§ **HOW TO COMPLETE THIS TASK**:
Only the lines below from the one containing "sbti-validated esg bonds issuers" through the one containing "Multiquip dca45ssiu4 manual" belong in the answer, set down exactly, with the pictures left out.

§ **STUDY MATERIAL**:

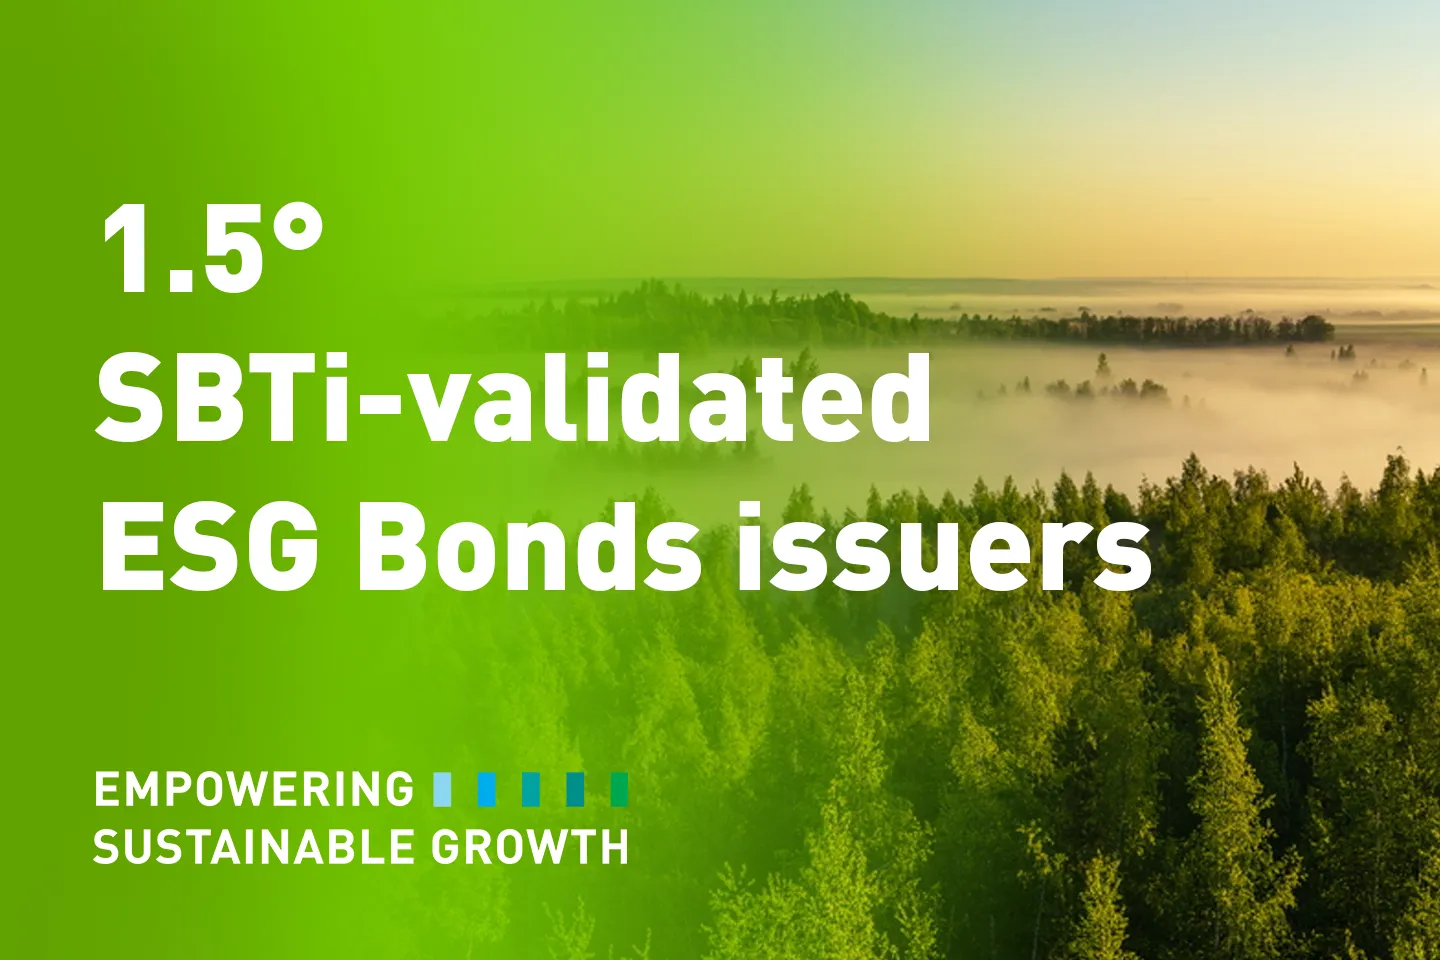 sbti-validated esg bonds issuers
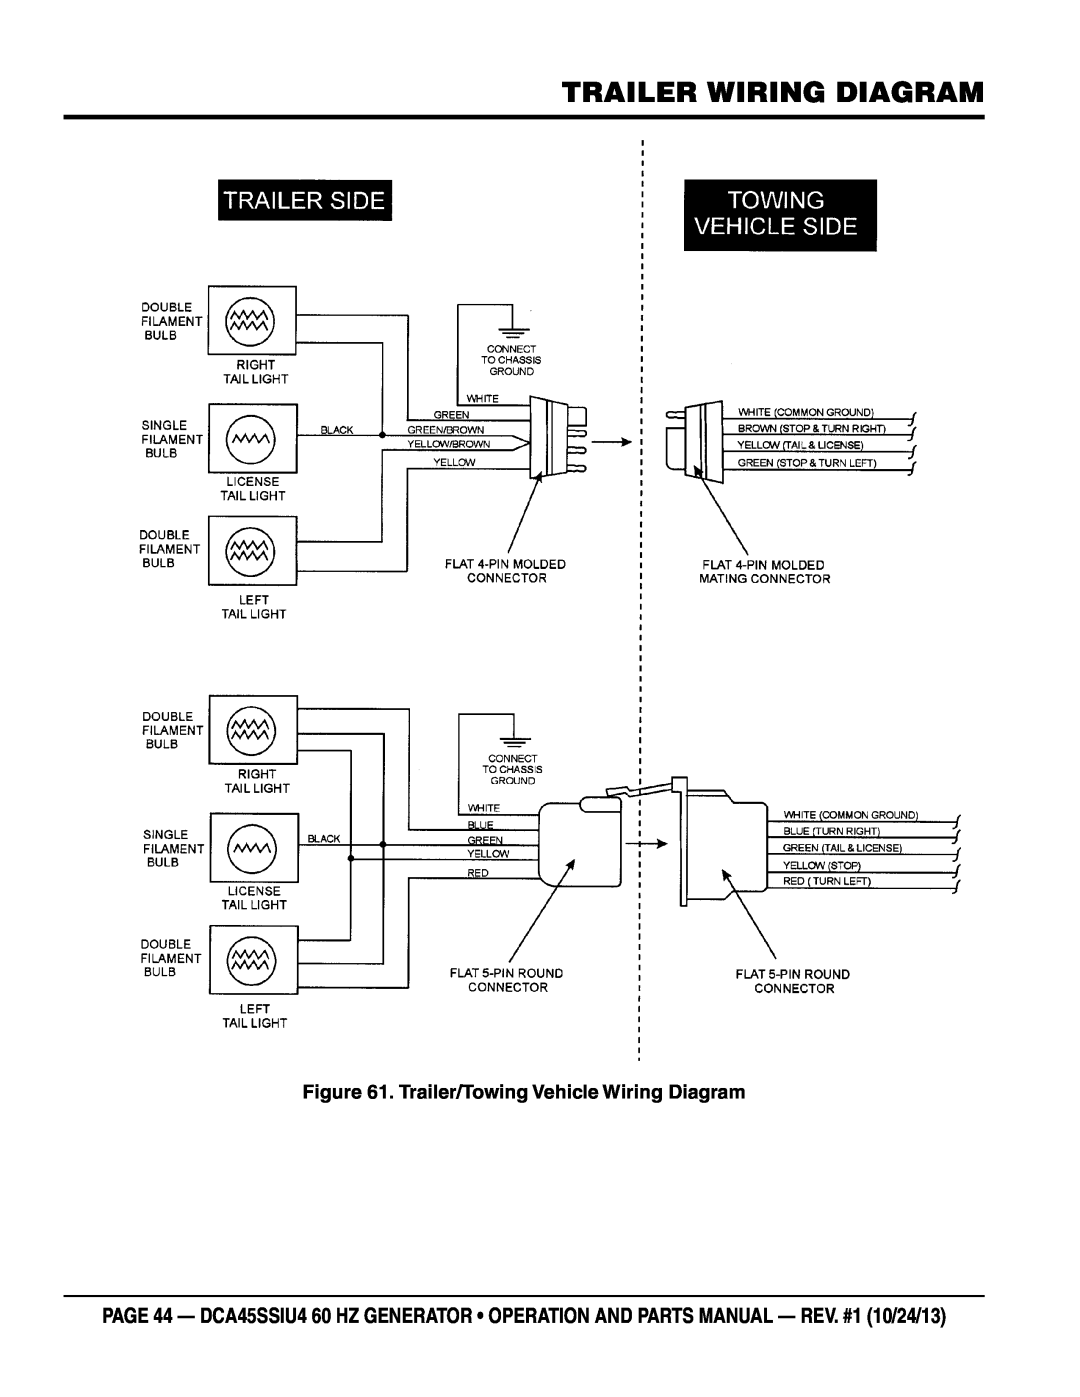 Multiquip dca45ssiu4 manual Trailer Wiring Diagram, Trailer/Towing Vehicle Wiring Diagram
--
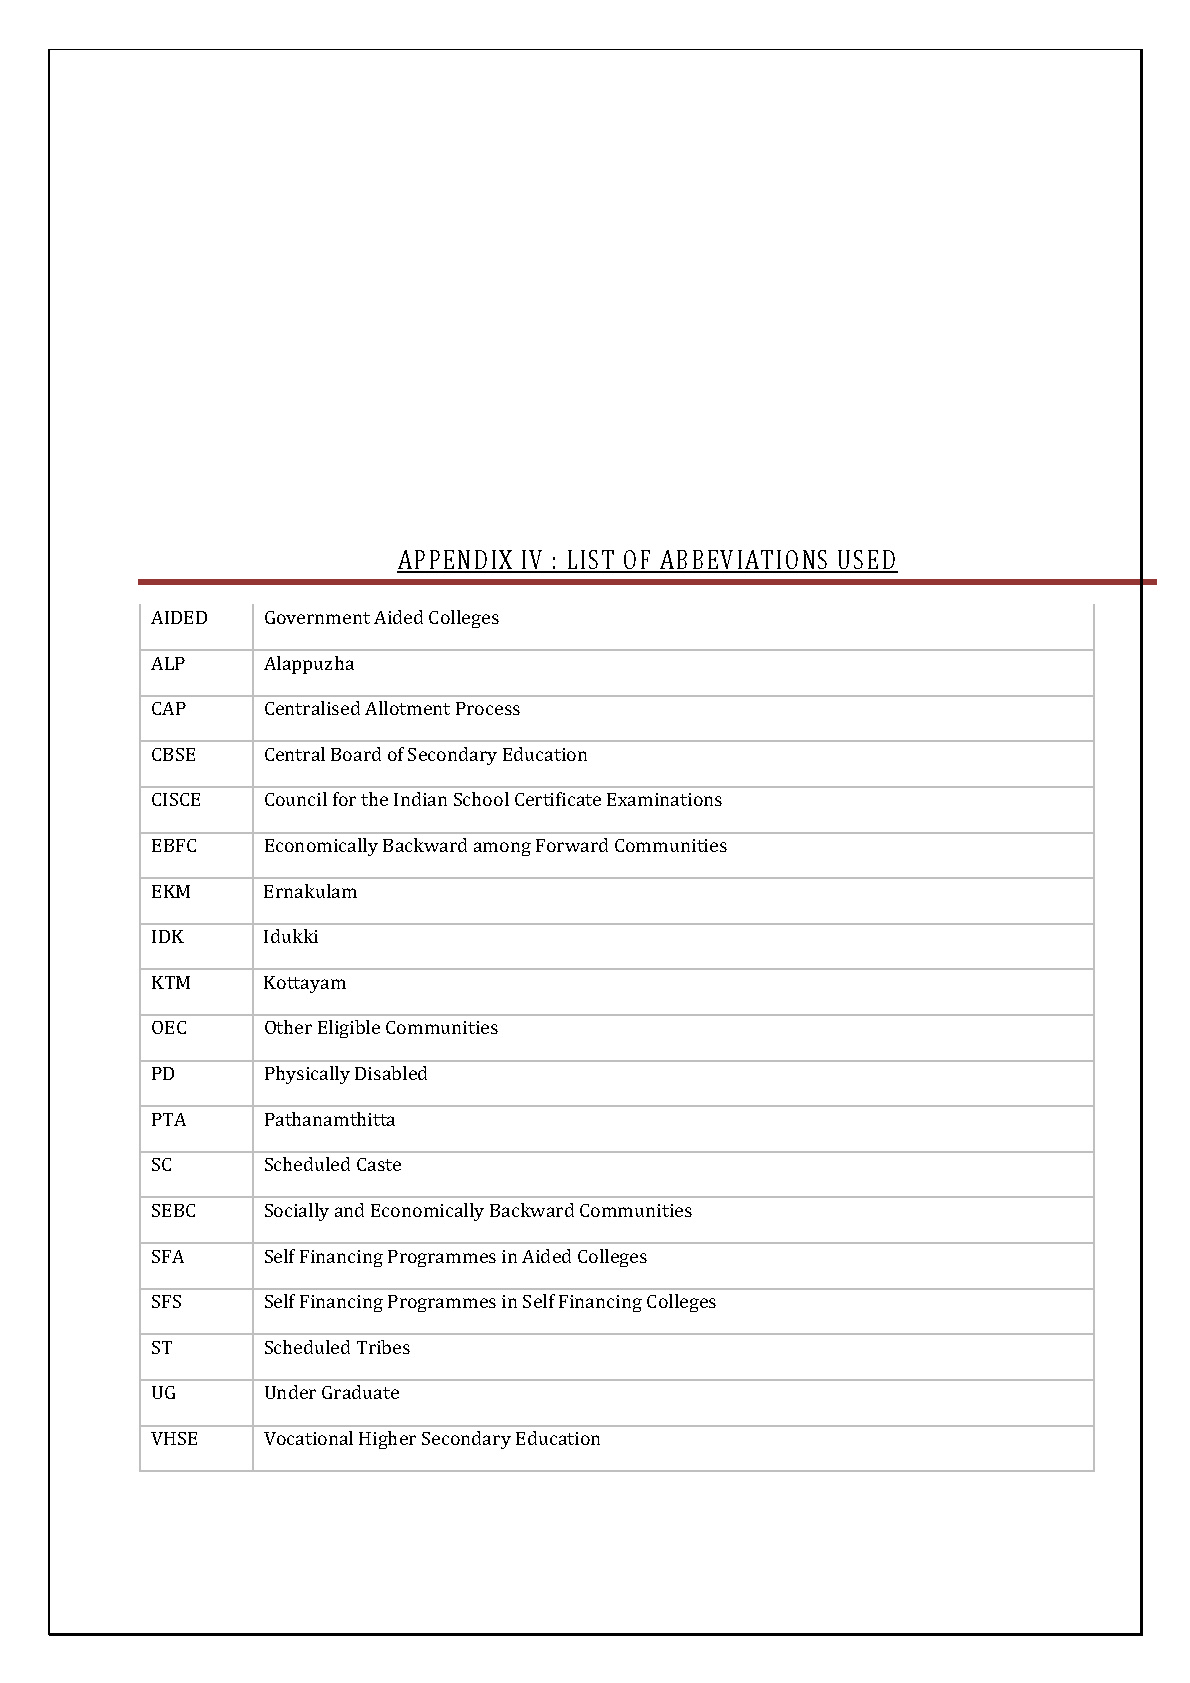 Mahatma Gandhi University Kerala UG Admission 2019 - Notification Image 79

§ **OUTPUT**:
 sbti-validated esg bonds issuers
 Multiquip dca45ssiu4 manual Trailer Wiring Diagram, Trailer/Towing Vehicle Wiring Diagram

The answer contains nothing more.